→ **Your assignment**: Restate word for word the section of the entries that opens at the line containing "FlexiFit™ Magnetic Band" and closes at the line containing "Inscriptions on sporty", both lines kept, pictures dropped.

→ **Extracted records**:
/---

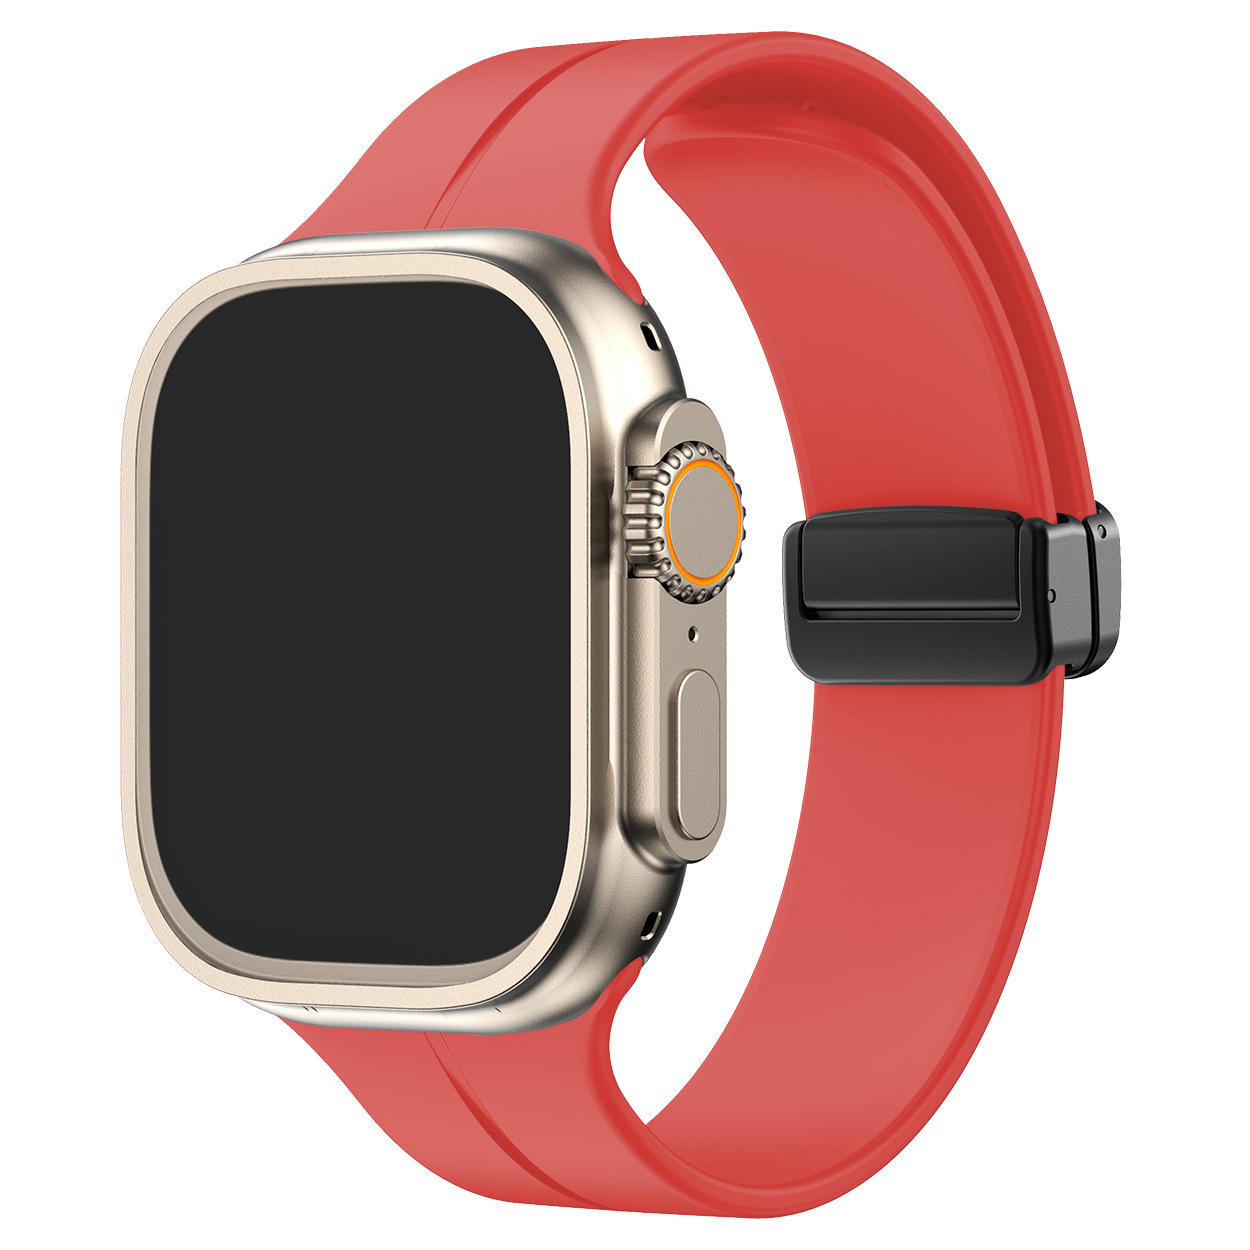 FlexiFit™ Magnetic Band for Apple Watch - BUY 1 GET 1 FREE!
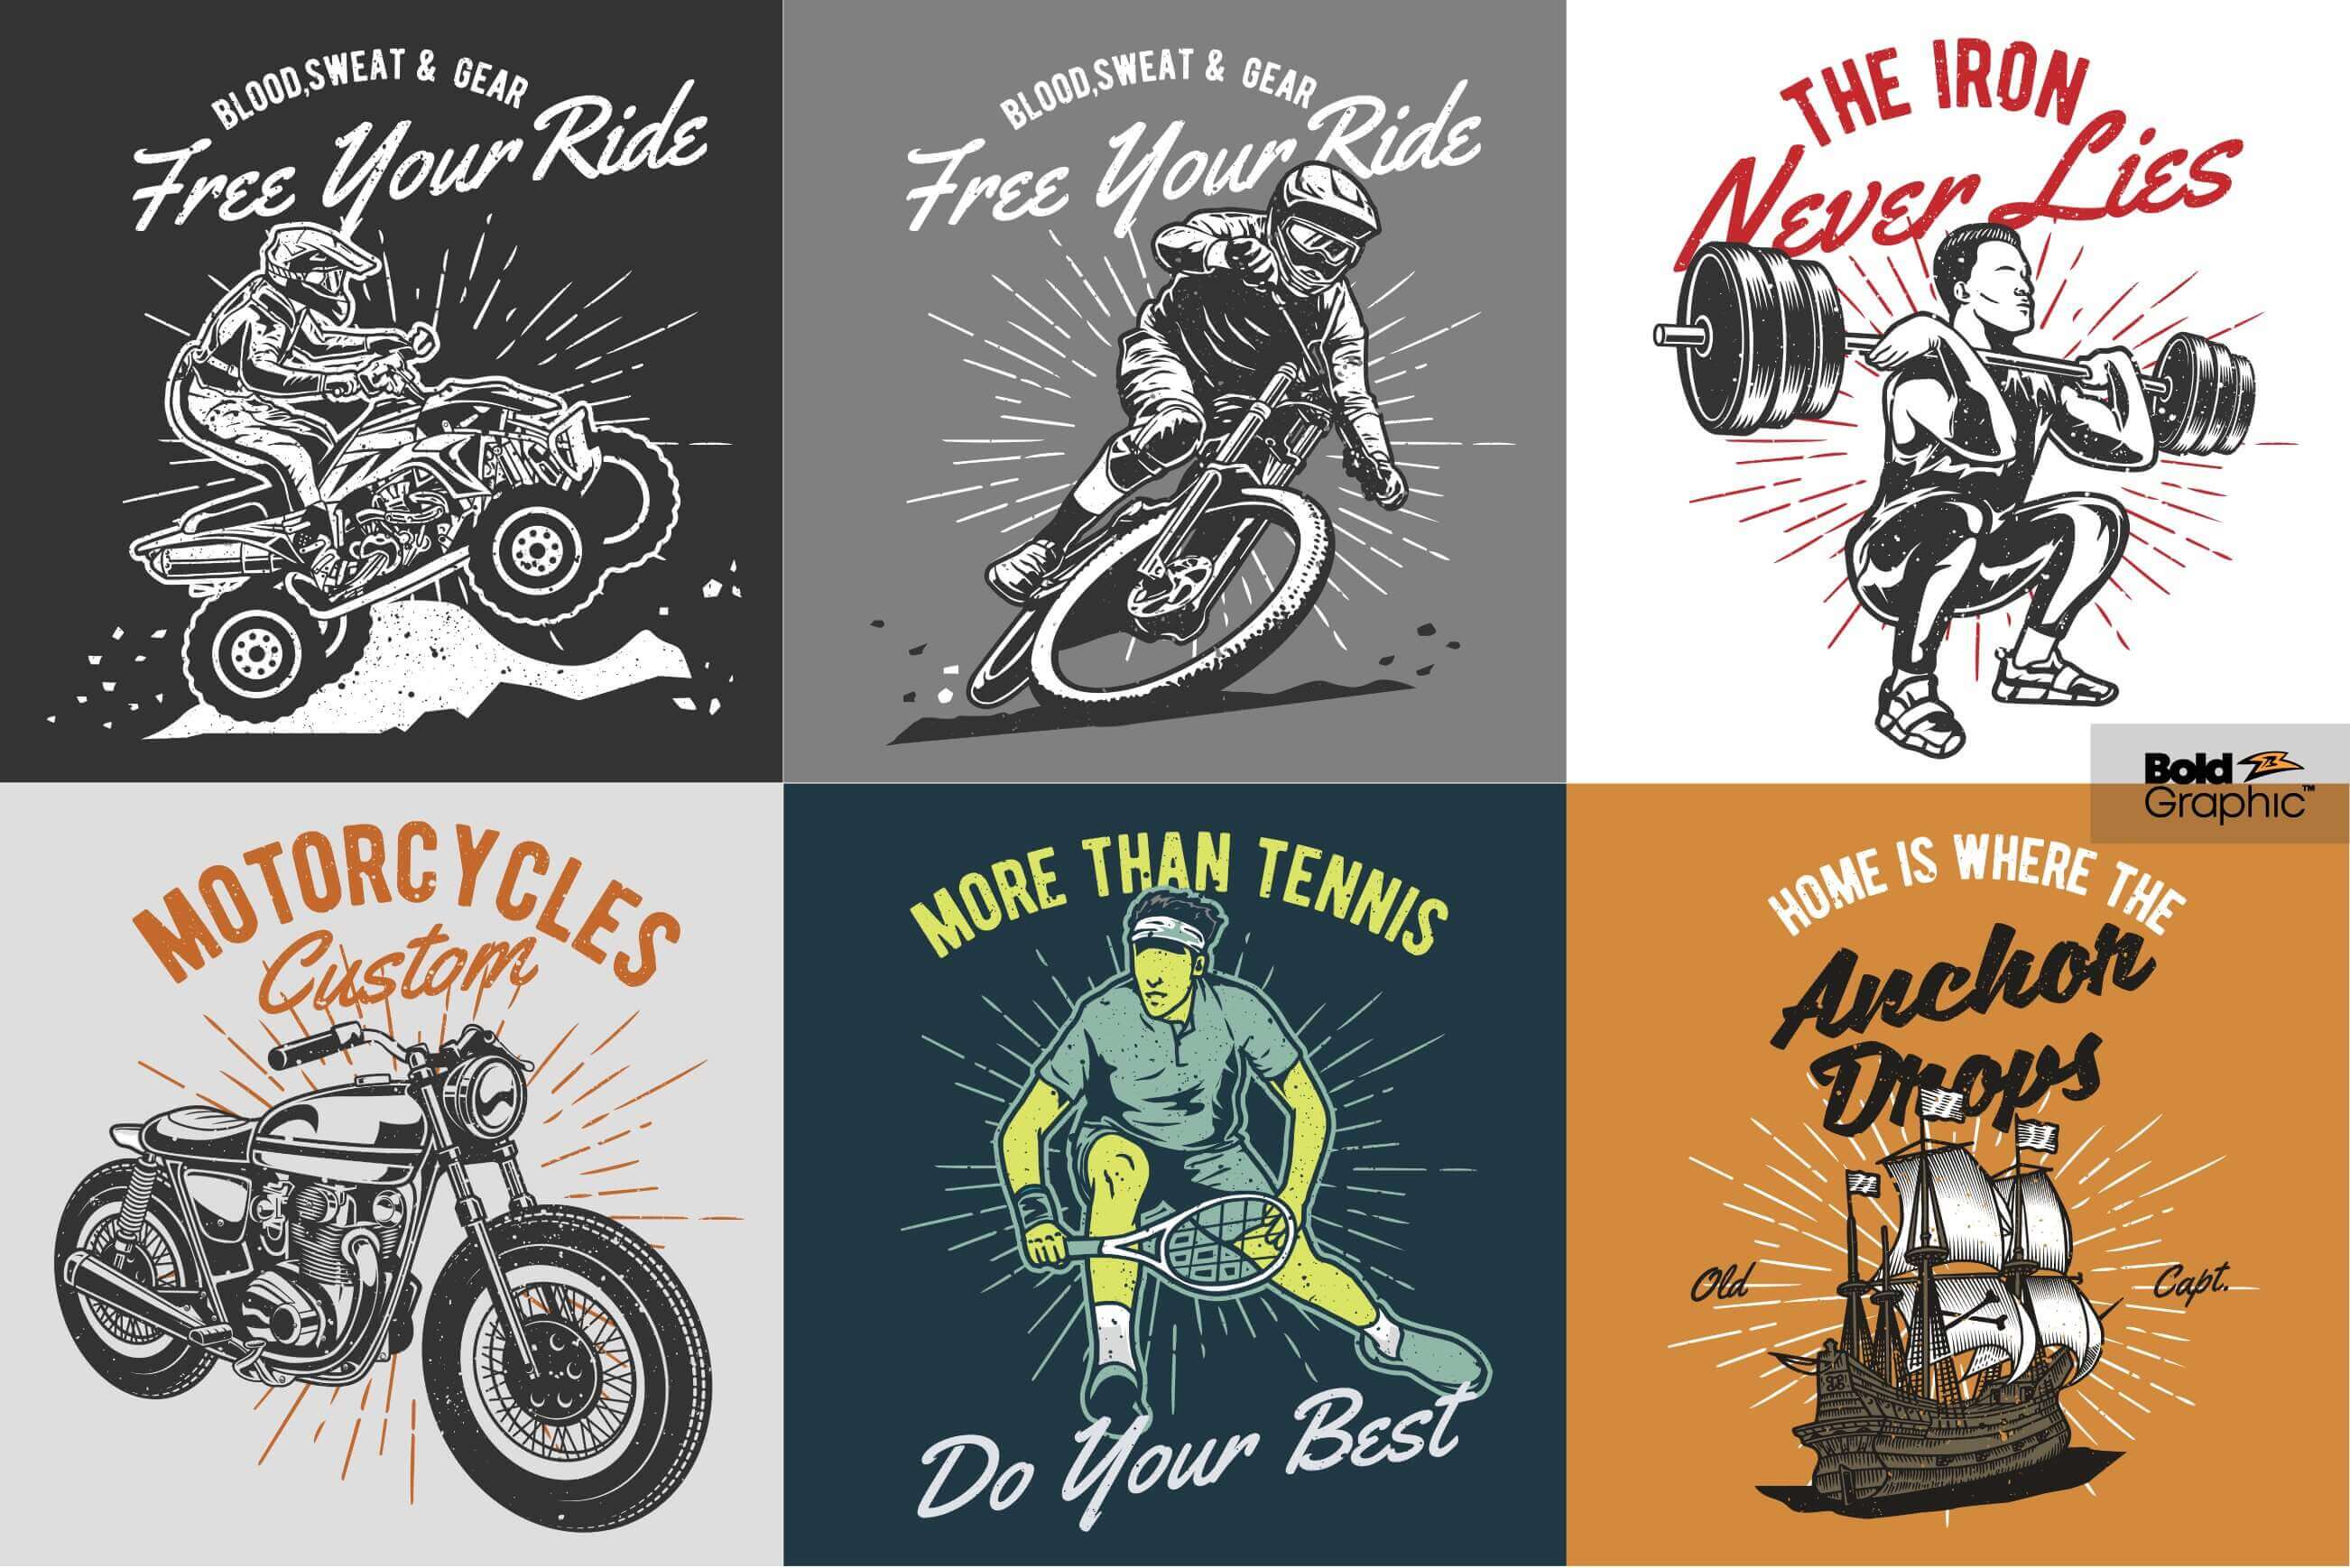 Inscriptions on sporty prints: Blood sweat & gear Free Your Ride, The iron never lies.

\---
/---

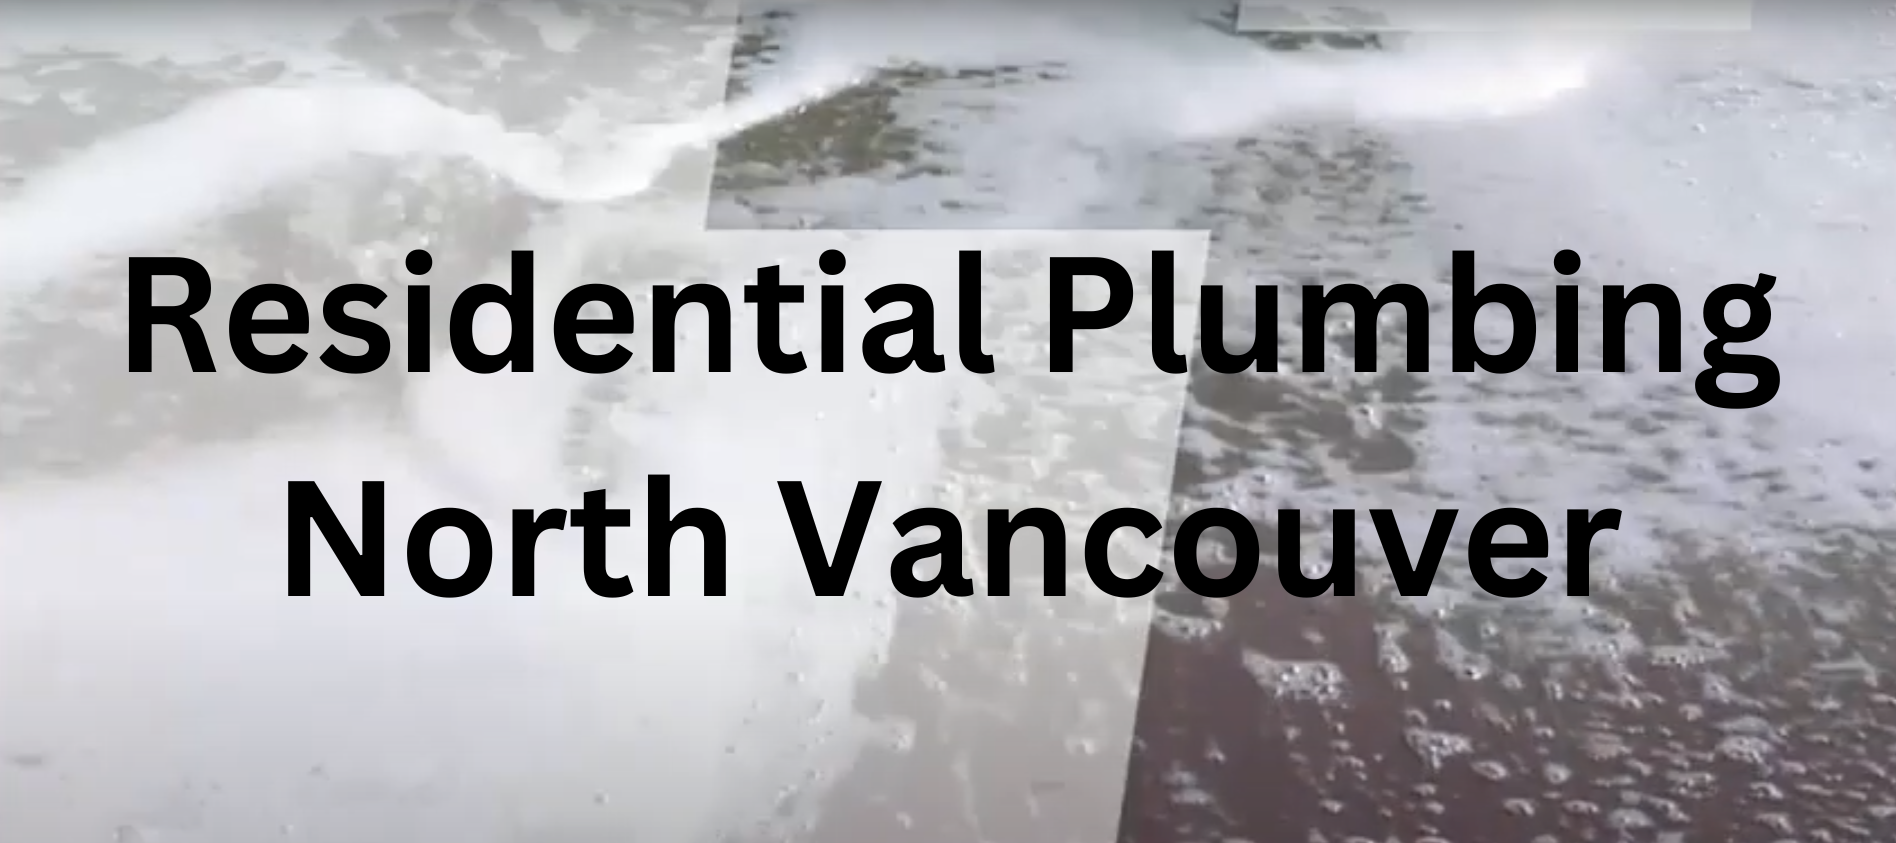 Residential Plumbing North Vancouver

\---
/---

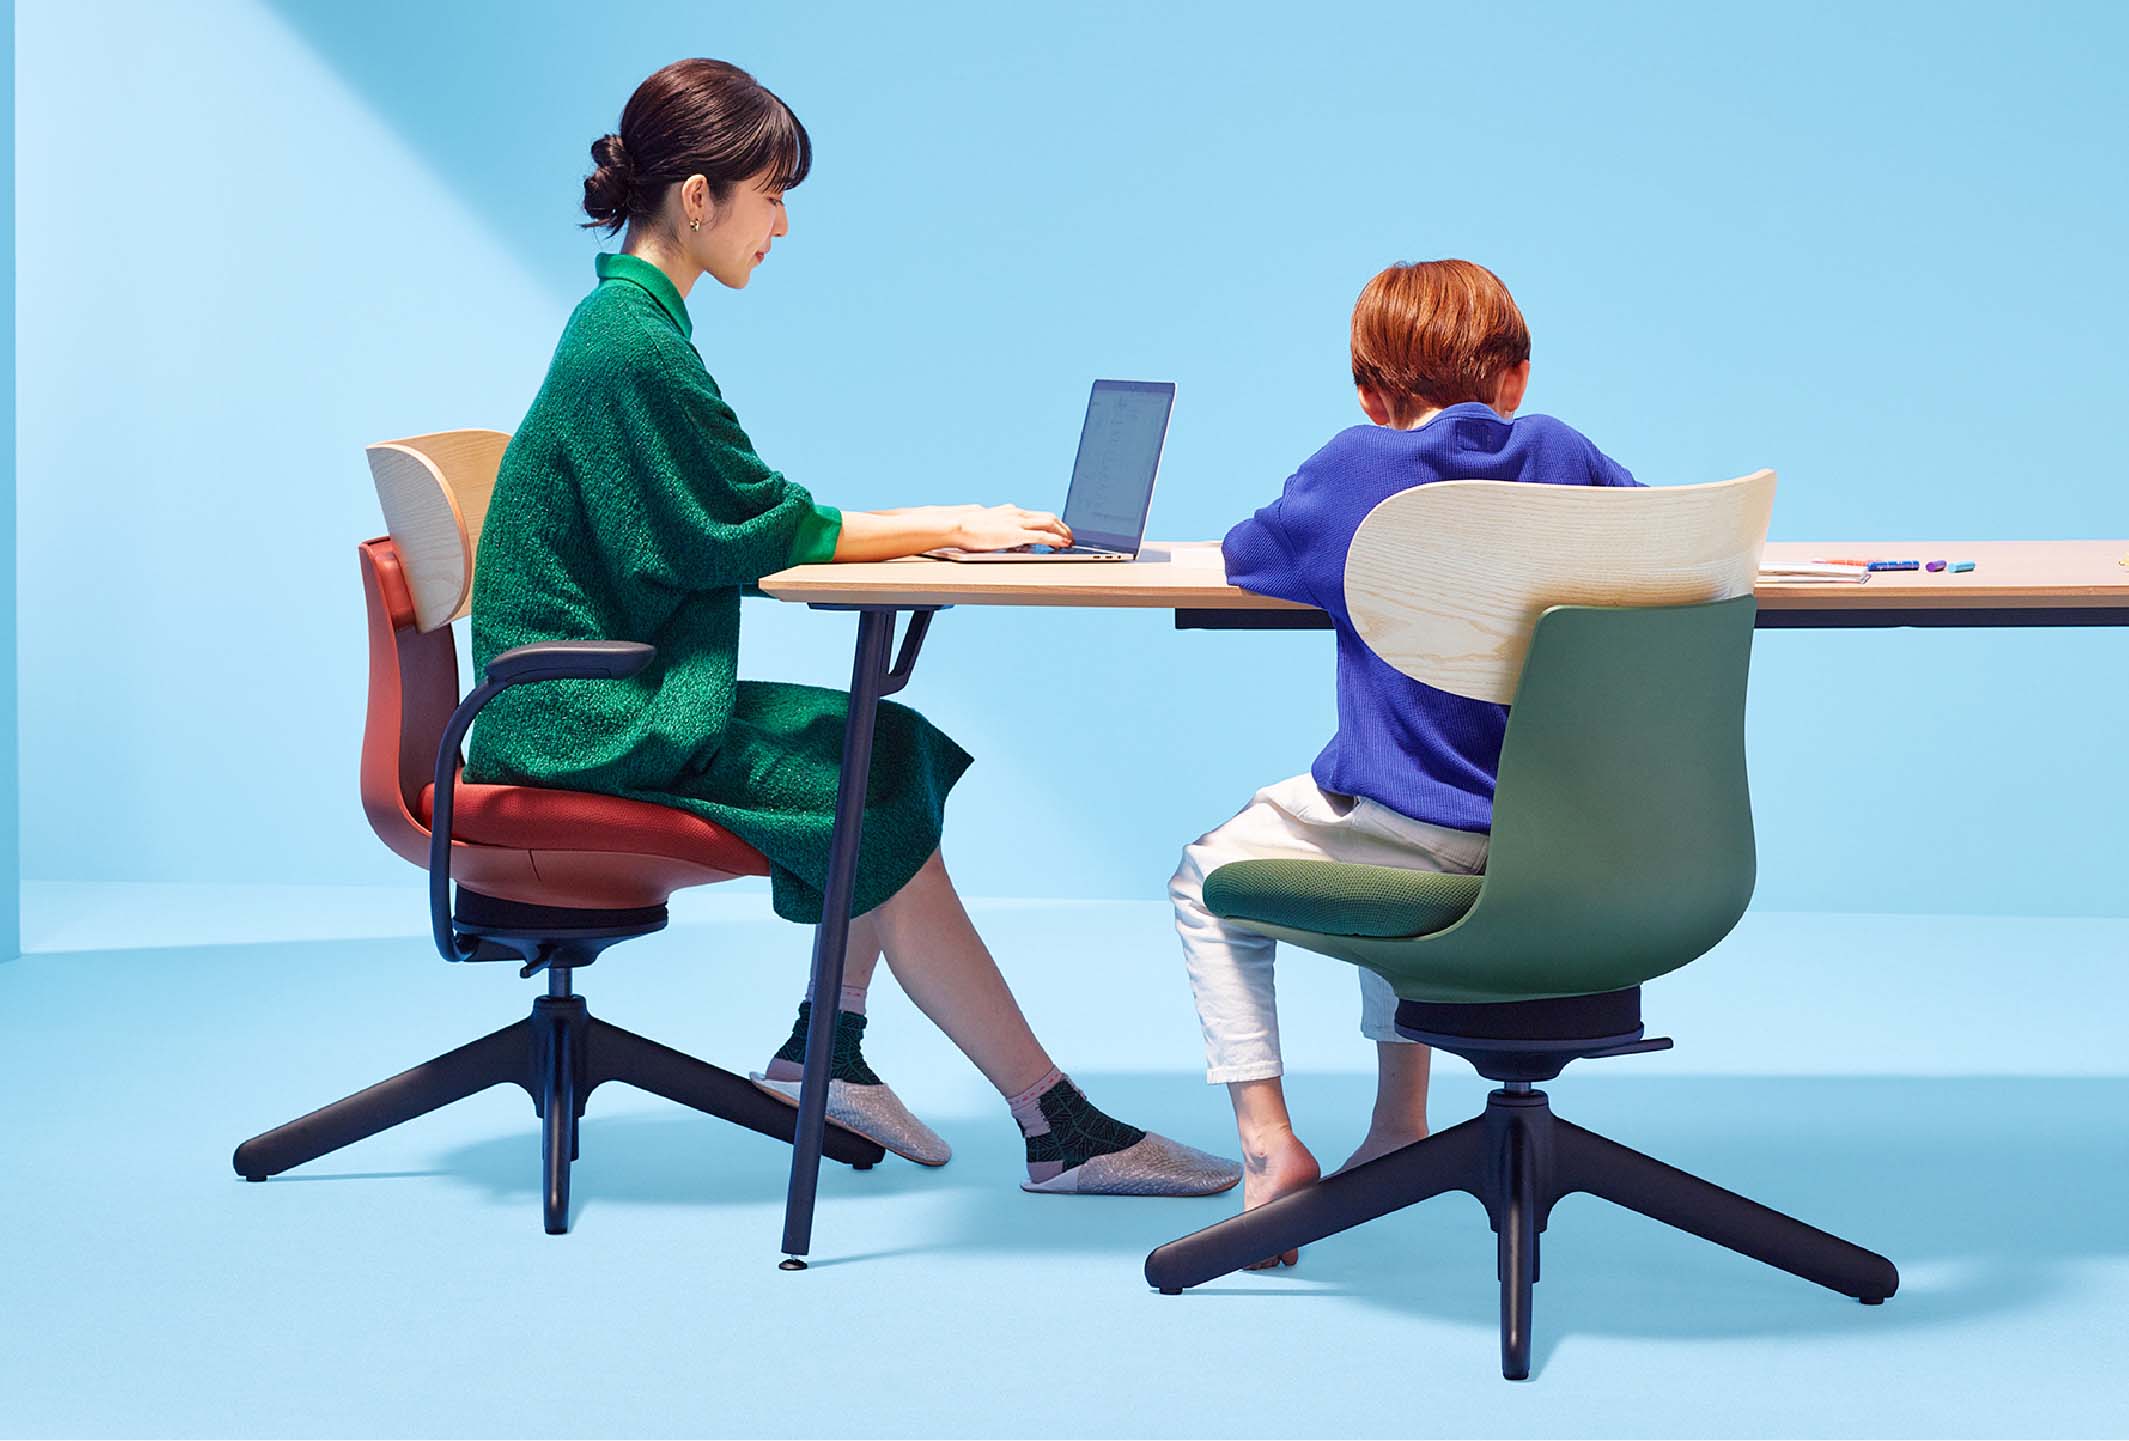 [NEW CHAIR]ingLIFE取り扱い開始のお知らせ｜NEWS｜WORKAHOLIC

\---

→ **Response**:
 FlexiFit™ Magnetic Band for Apple Watch - BUY 1 GET 1 FREE!
 Inscriptions on sporty prints: Blood sweat & gear Free Your Ride, The iron never lies.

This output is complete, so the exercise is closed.